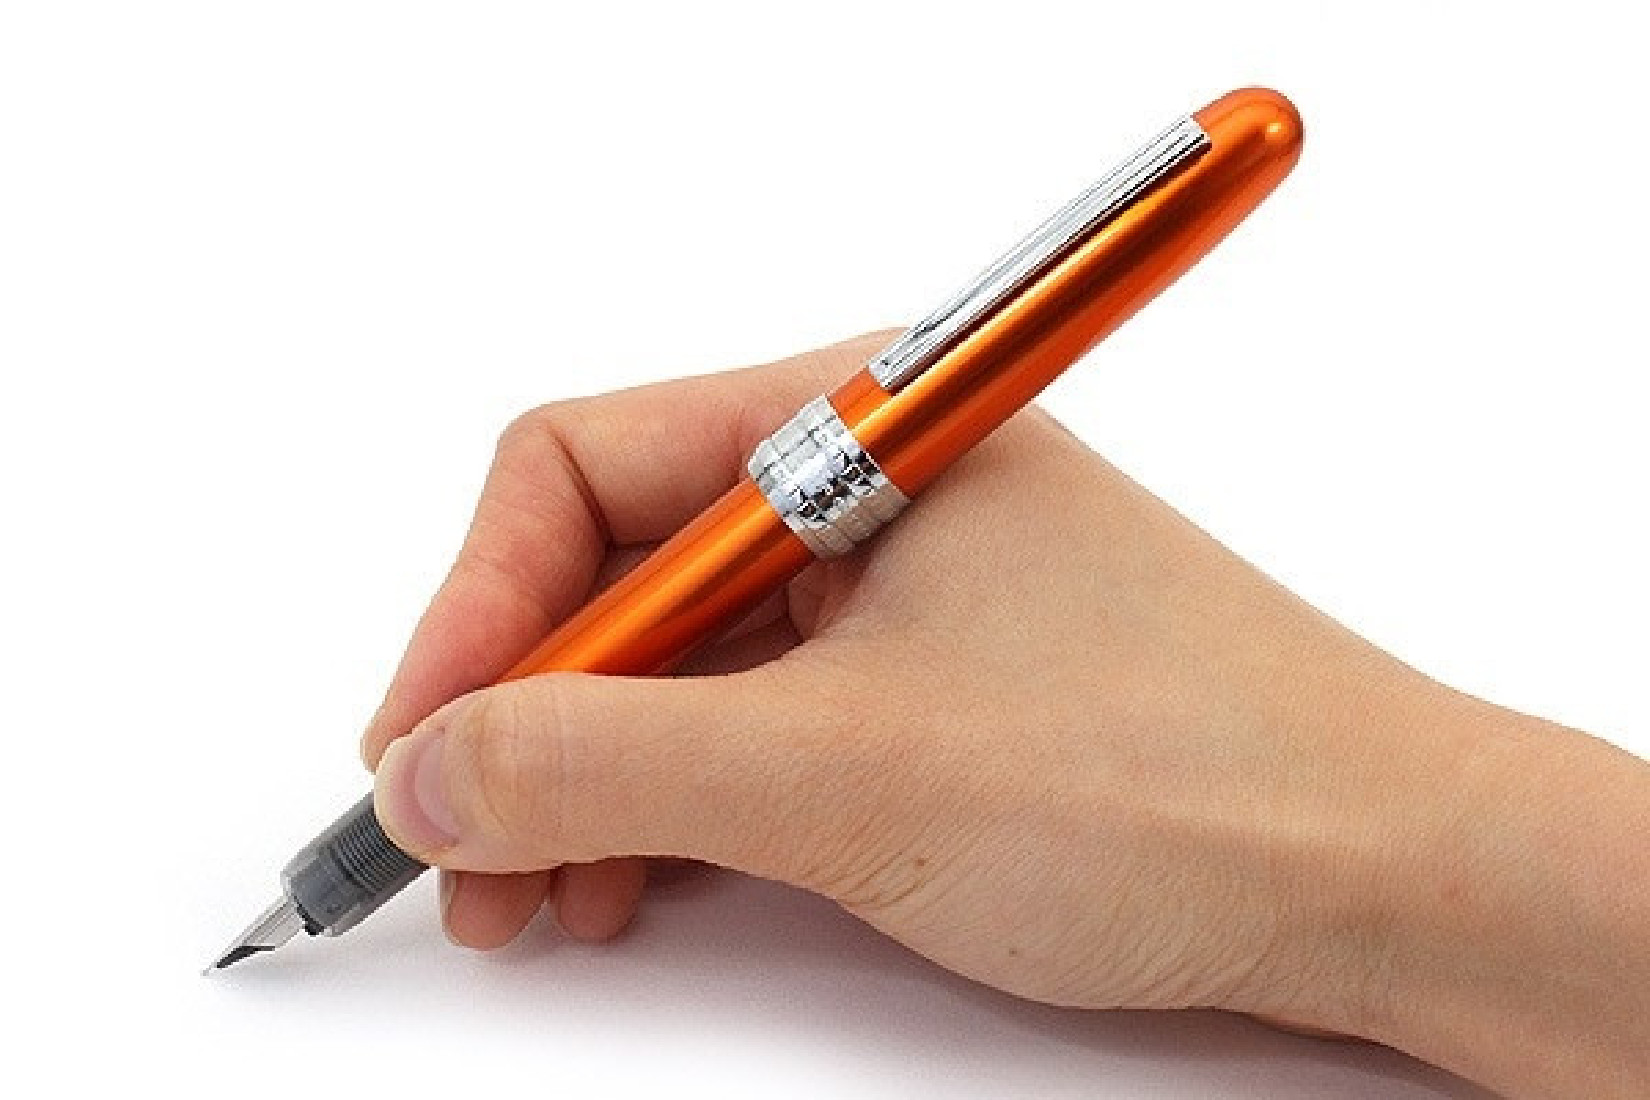 Platinum Plaisir Orange Fountain Pen  PGB-1000
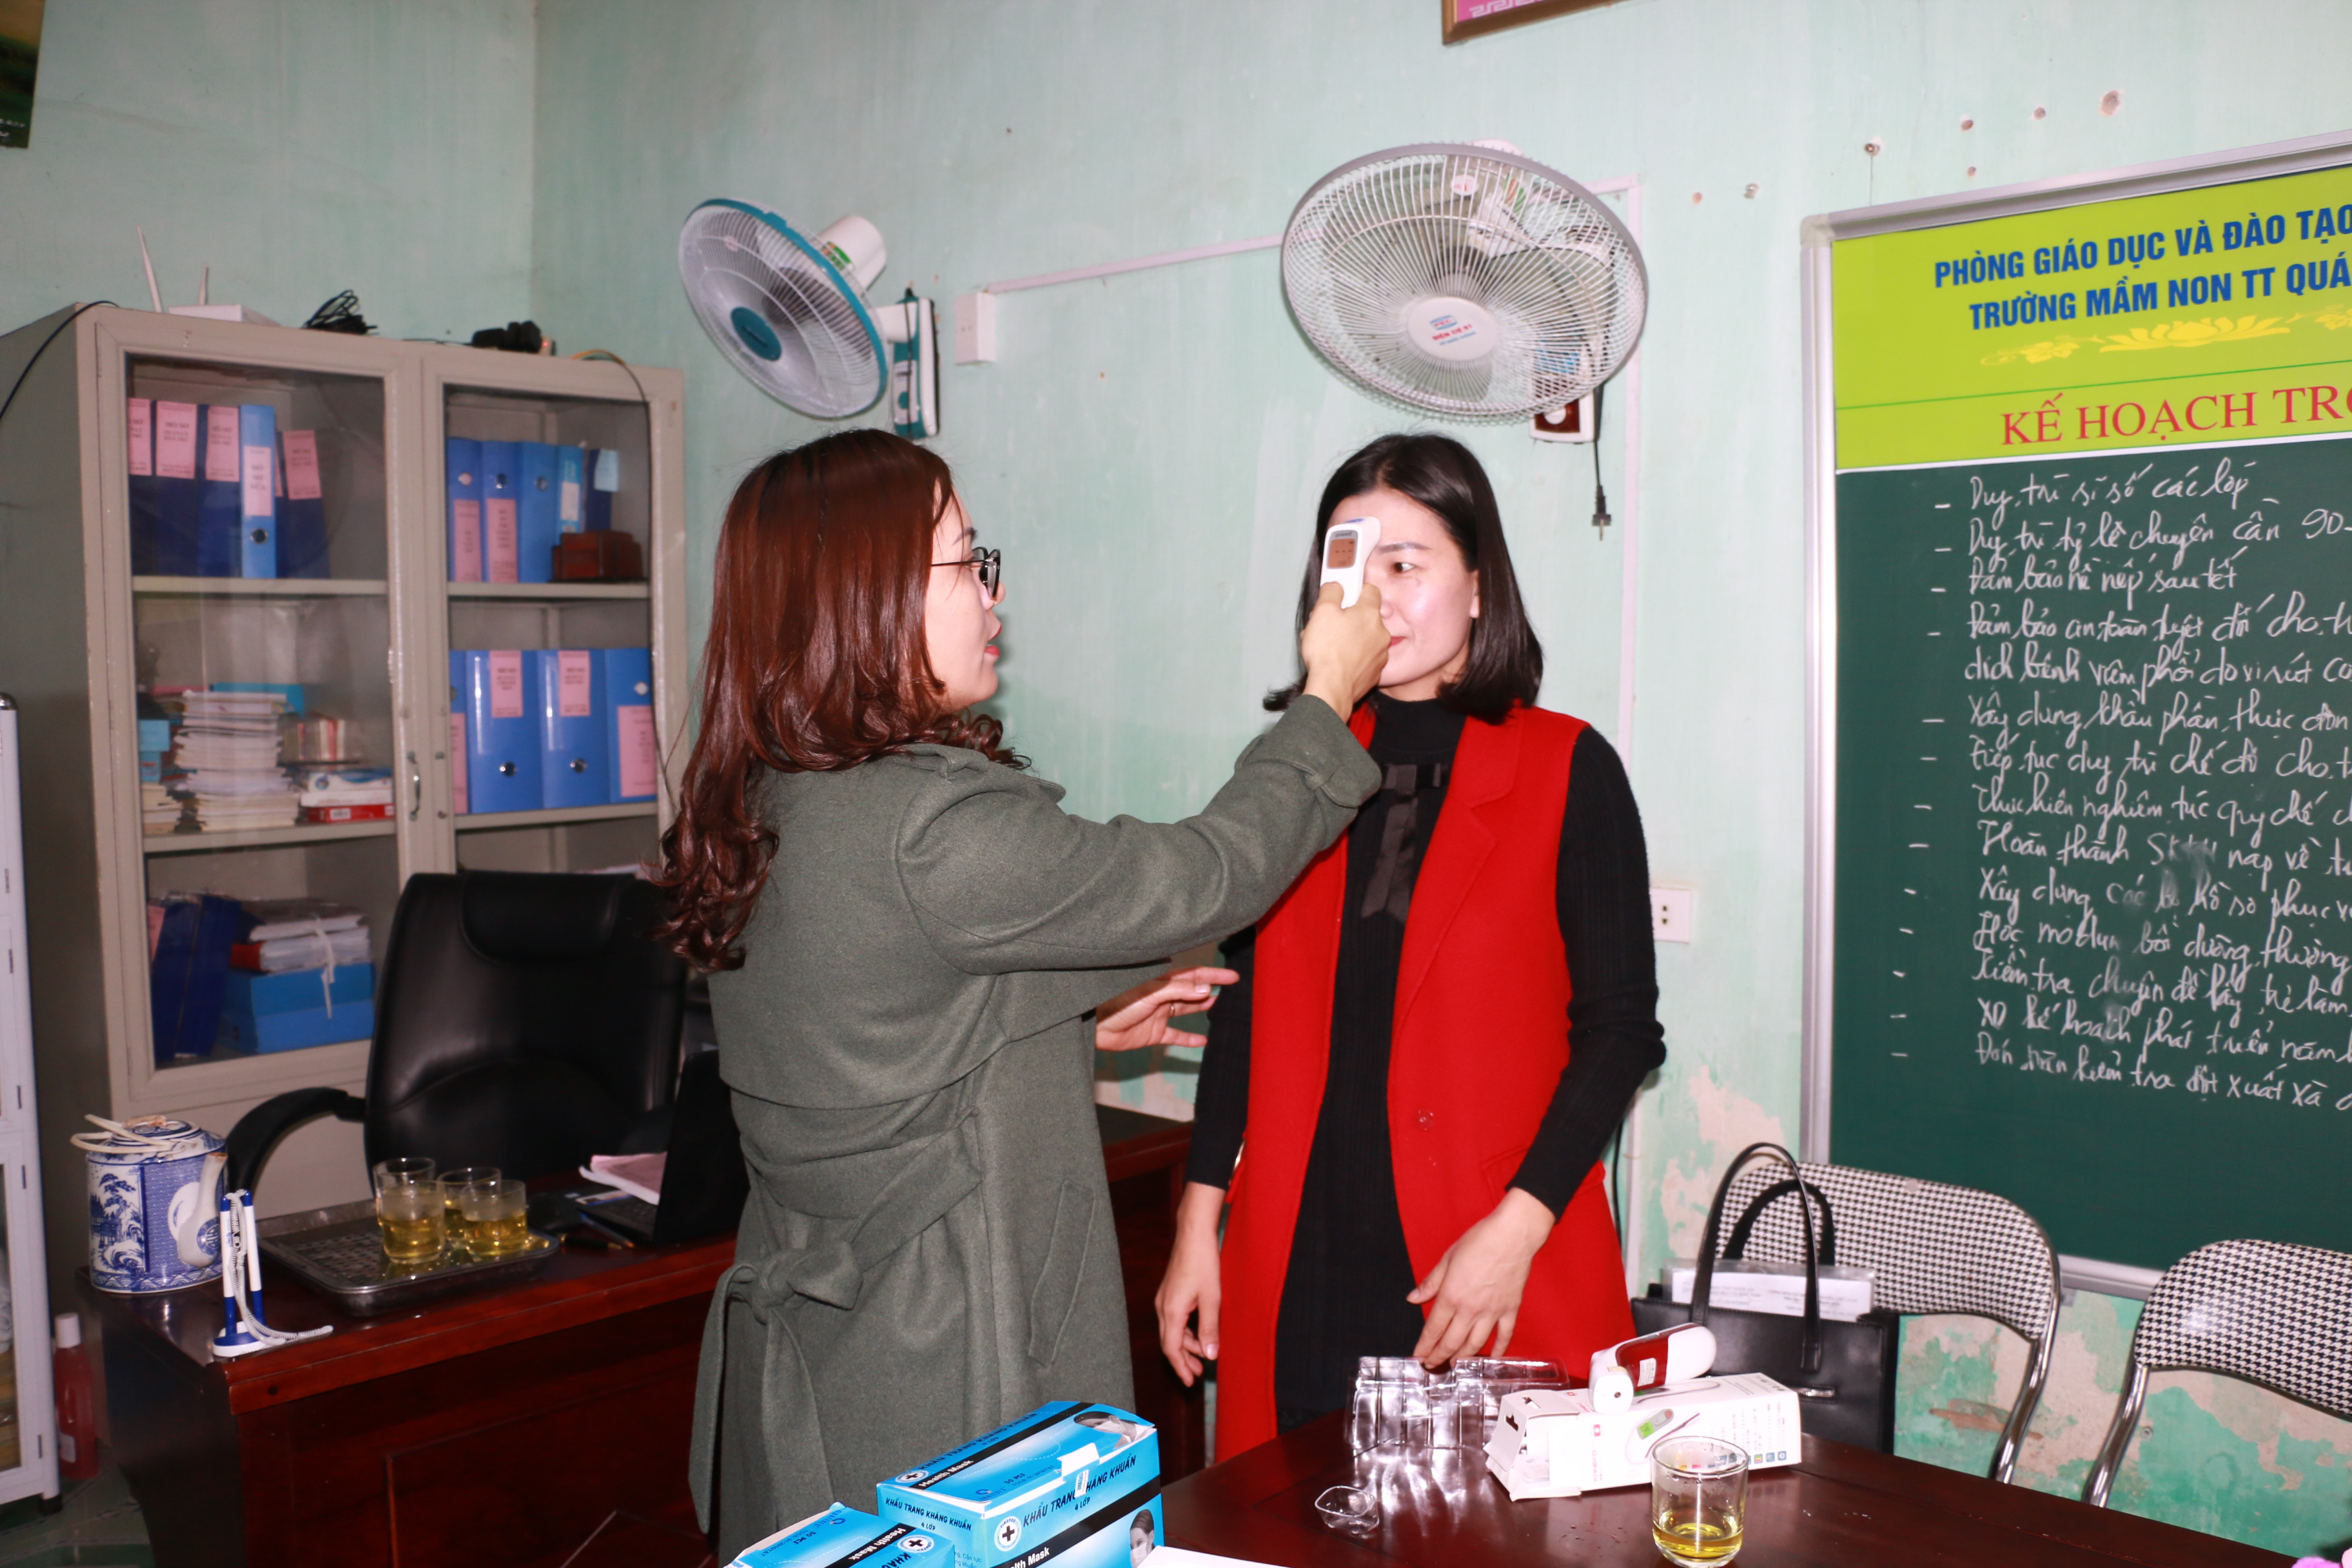 Bằng nguồn xã hội hóa và hỗ trợ kinh phí của địa phương một số trường đã sắm được máy đo thân nhiệt. Tại buổi thanh kiểm tra tại các trường đóng trên địa bàn huyện Nghi Lộc, đoàn thanh tra
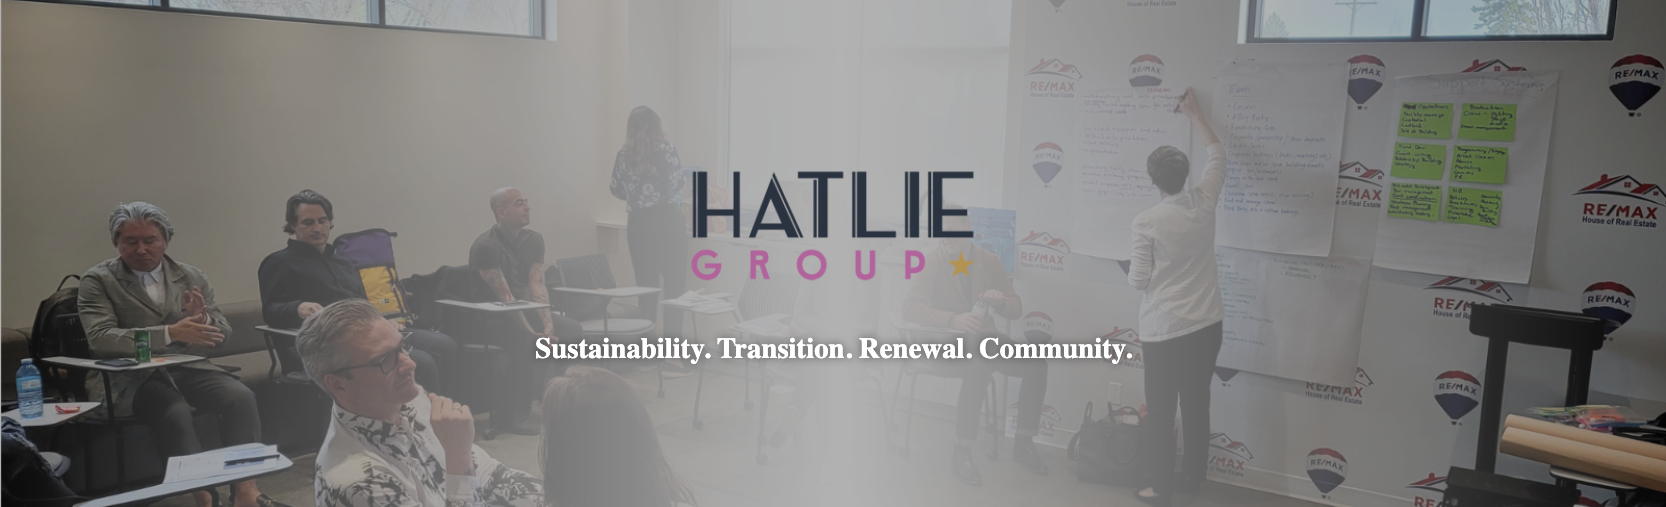 Hatlie Group Sponsorship Banner
- - - - -
## Task instructions
The line containing "Bằng nguồn xã" and every line after it, through the end of the data, are to be output exactly. Omit the pictures.

## Exercise answer
 Bằng nguồn xã hội hóa và hỗ trợ kinh phí của địa phương một số trường đã sắm được máy đo thân nhiệt. Tại buổi thanh kiểm tra tại các trường đóng trên địa bàn huyện Nghi Lộc, đoàn thanh tra
 Hatlie Group Sponsorship Banner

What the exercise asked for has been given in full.